Hormis l'impôt personnel minimum qui, lui, n'est pas
reconnu à la ville, les entités territoriales
décentralisées ont une fiscalité propre assise sur des
ressources identiques...Les ressources reconnues à la province et aux
entités territoriales décentralisées ayant
été rappelées, il ne serait pas superflu de noter ici que
« les comptes des provinces et ceux des différentes
entités territoriales décentralisées sont soumis au
contrôle de l'Inspection Générale des Finances et de la
Cour des Comptes »40.
39 République Démocratique du Congo et
Organisation Internationale de la Francophonie, (2009), op.cit. PP 165- 168
40 Ibid, P. 114
Cela étant, plusieurs débats politiques ont eu
lieu au cours des 9 premiers mois de l'année 2007 au sujet des recettes
à caractère national et ont débouché sur des
arrangements qu'il conviendrait de signaler aussi dans ce travail.
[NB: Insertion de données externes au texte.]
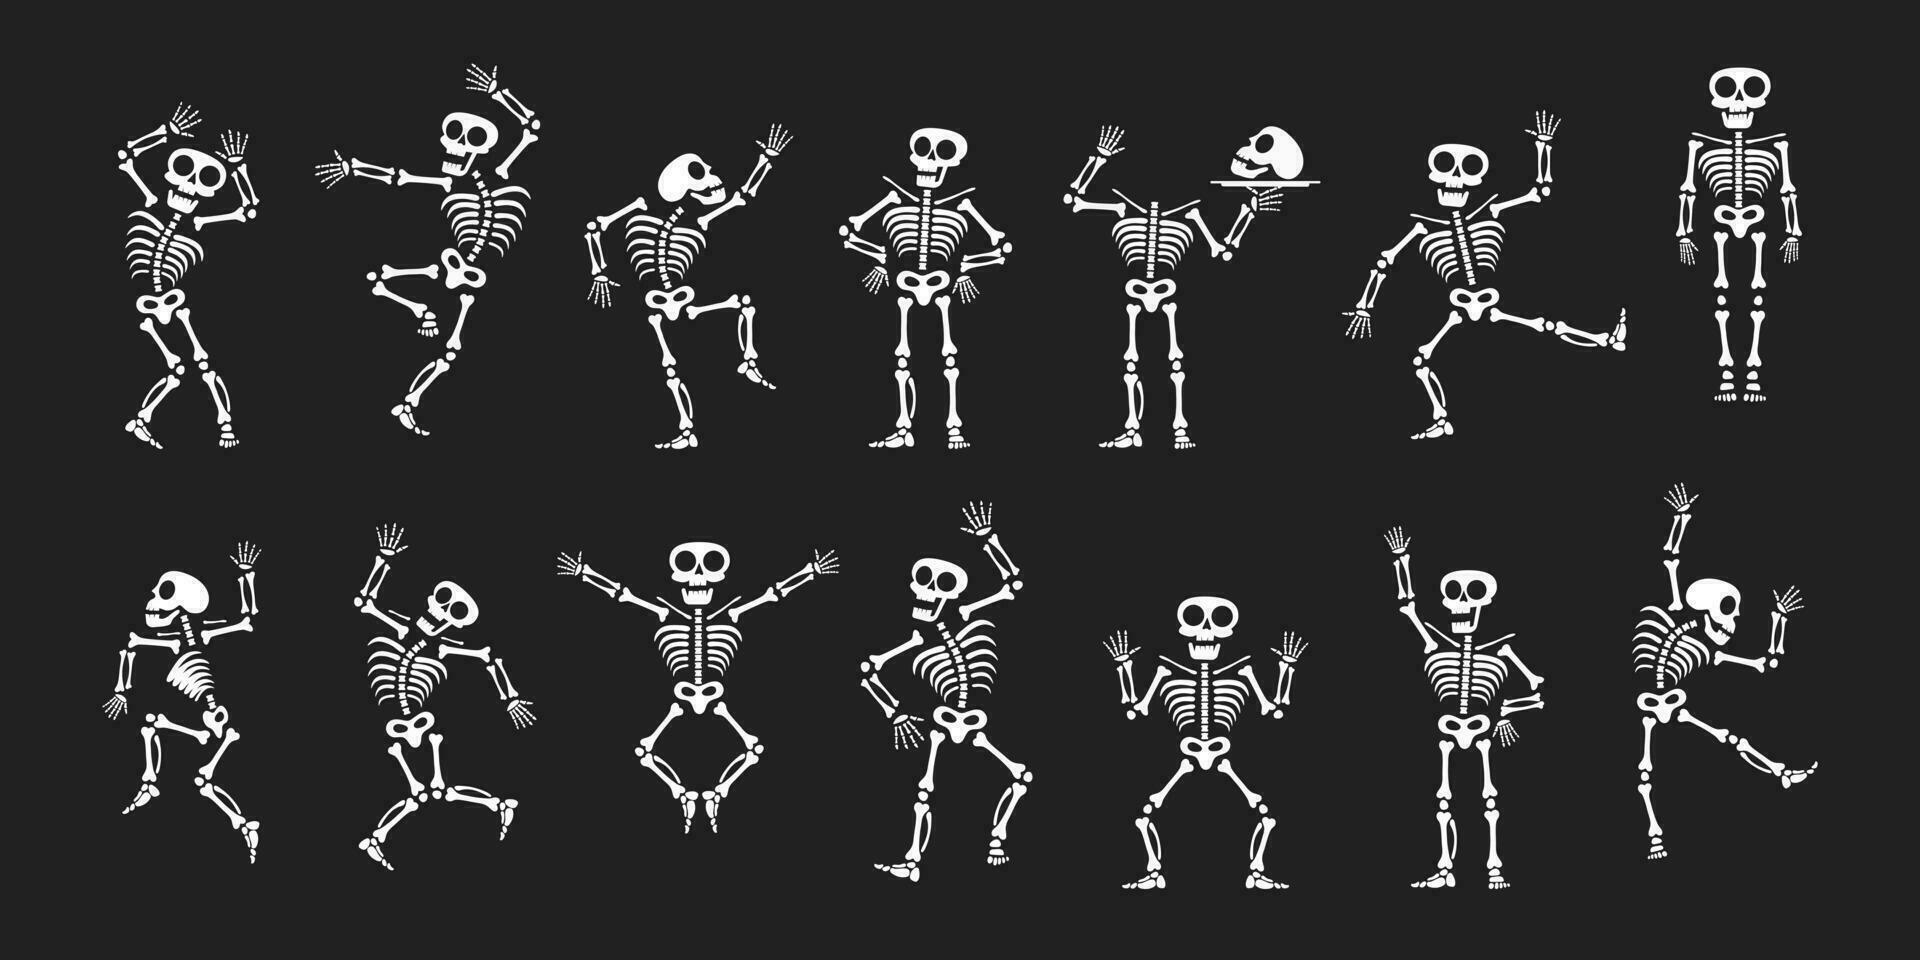 skeletten dansen met verschillend standen vlak stijl ontwerp vector illustratie set.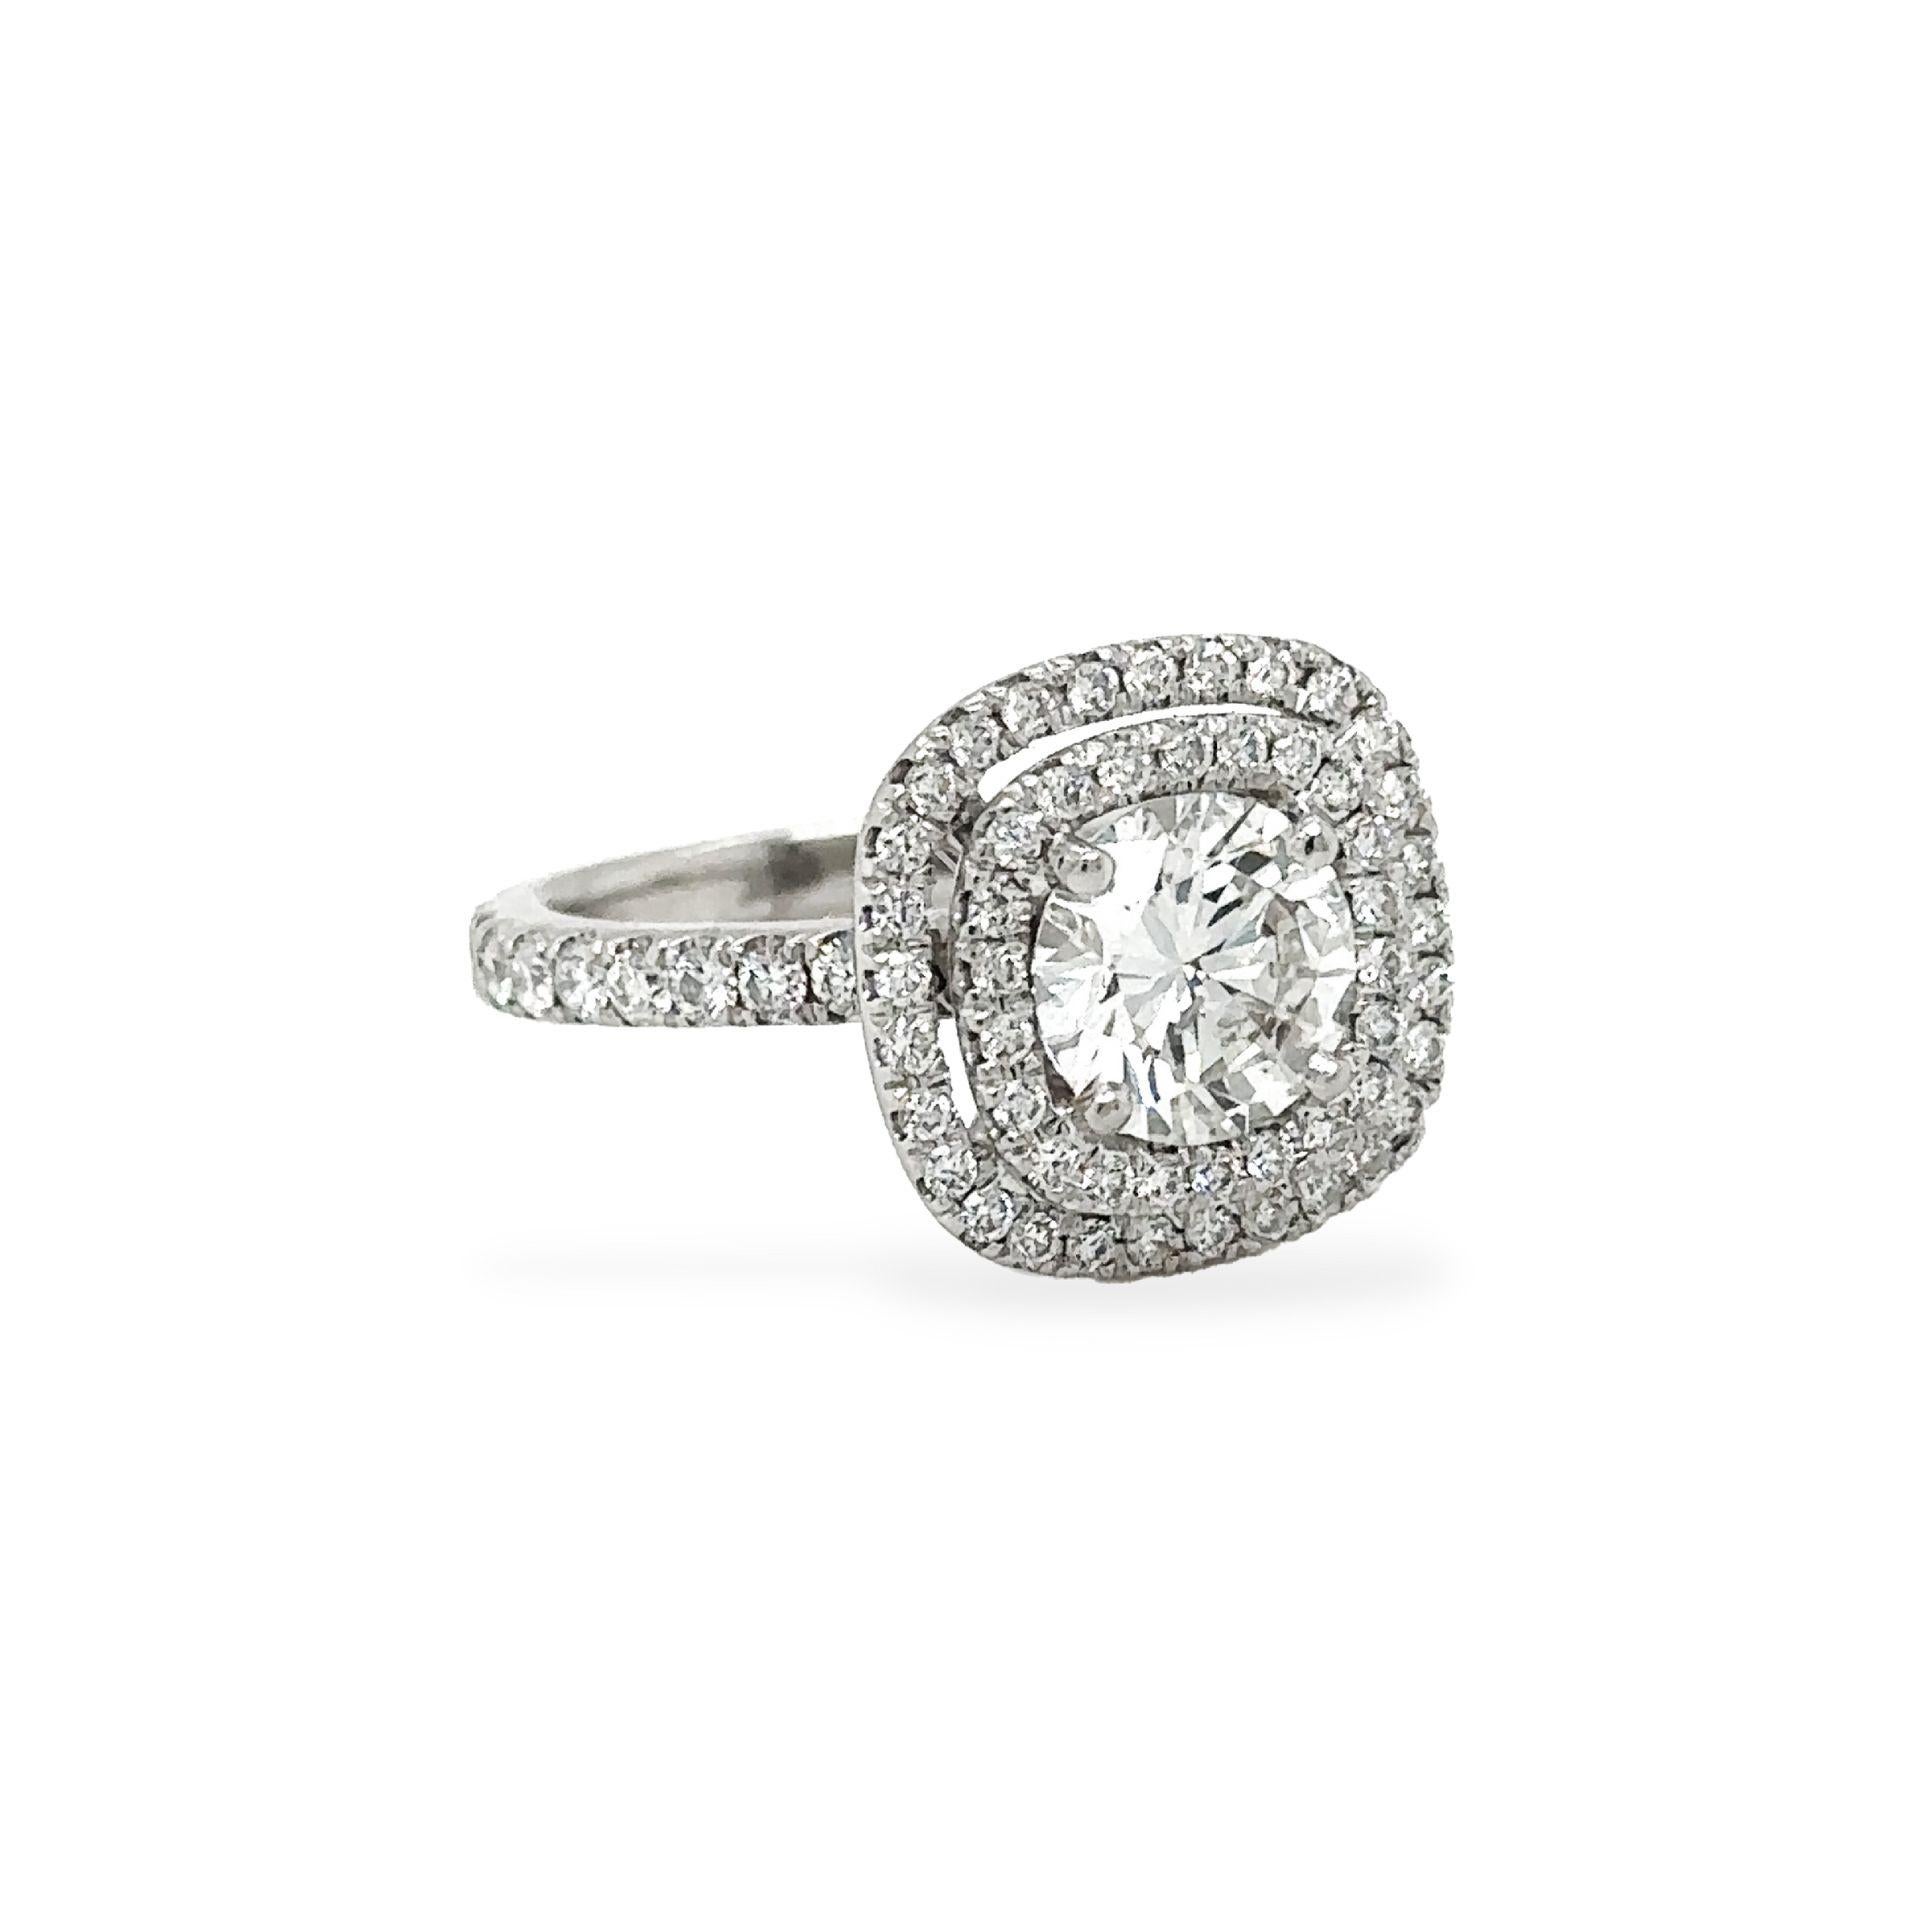 1.25 carat diamond ring price

Il s'agit du
consensus dégagé par le Forum National sur la
Décentralisation qui, à l'initiative du Gouvernement et de la
Société Civile, a eu lieu du 3 au 5 octobre 2007 et a
réuni plus de 300 délégués représentant le
Gouvernement Central, l'Assemblée Nationale, le Sénat, les
Assemblées Provinciales, les Gouvernements Provinciaux, la
Société Civile, les chefs coutumiers et les partenaires au
développement.
En permettant l'approfondissement des analyses pour assurer le
transfert de 40% des recettes aux provinces et promouvoir un système
financier viable pour les entités territoriales
décentralisées, ledit forum a, de manière consensuelle,
arrêté ce qui suit :
1° Les recettes jugées attribuables et
localisables, c'est-à-dire les recettes réalisées dans
chaque province par la Direction Générale des Impôts (DGI)
et la Direction Générale des Recettes Administratives, Domaniales
et de Participation (DGRAD) seront, après déduction de la
rétrocession au personnel de 5% pour la DGI et 10% pour la DGRAD,
automatiquement retenues à la source ;
2° Les recettes non identifiables et pas localisables,
c'est-à-dire les recettes réalisées par l'Office des
Douanes et Accises (OFIDA) et la Direction des Grandes Entreprises (DGE) de la
Direction Générale des Impôts, seront, quant à
elles, réparties entre les provinces en fonction du poids
démographique ;
3° Les recettes pétrolières, en ce qui les
concerne, ne seront pas rétrocédées, mais serviront, sur
l'insistance du Fonds Monétaire International (FMI) à
l'allègement de la dette extérieure, au moins jusqu'à
l'atteinte du point d'achèvement des mécanismes de l'initiative
PPTE41.
Le consensus ainsi dégagé s'intègre
désormais à l'ensemble des textes de base instituant les
règles de conduite à suivre et à respecter pour la mise en
oeuvre et la réussite de la décentralisation financière en
RDC.
Cette régulation bienveillante sous-entend des objectifs
à atteindre et des implications d'action pour les différents
intervenants.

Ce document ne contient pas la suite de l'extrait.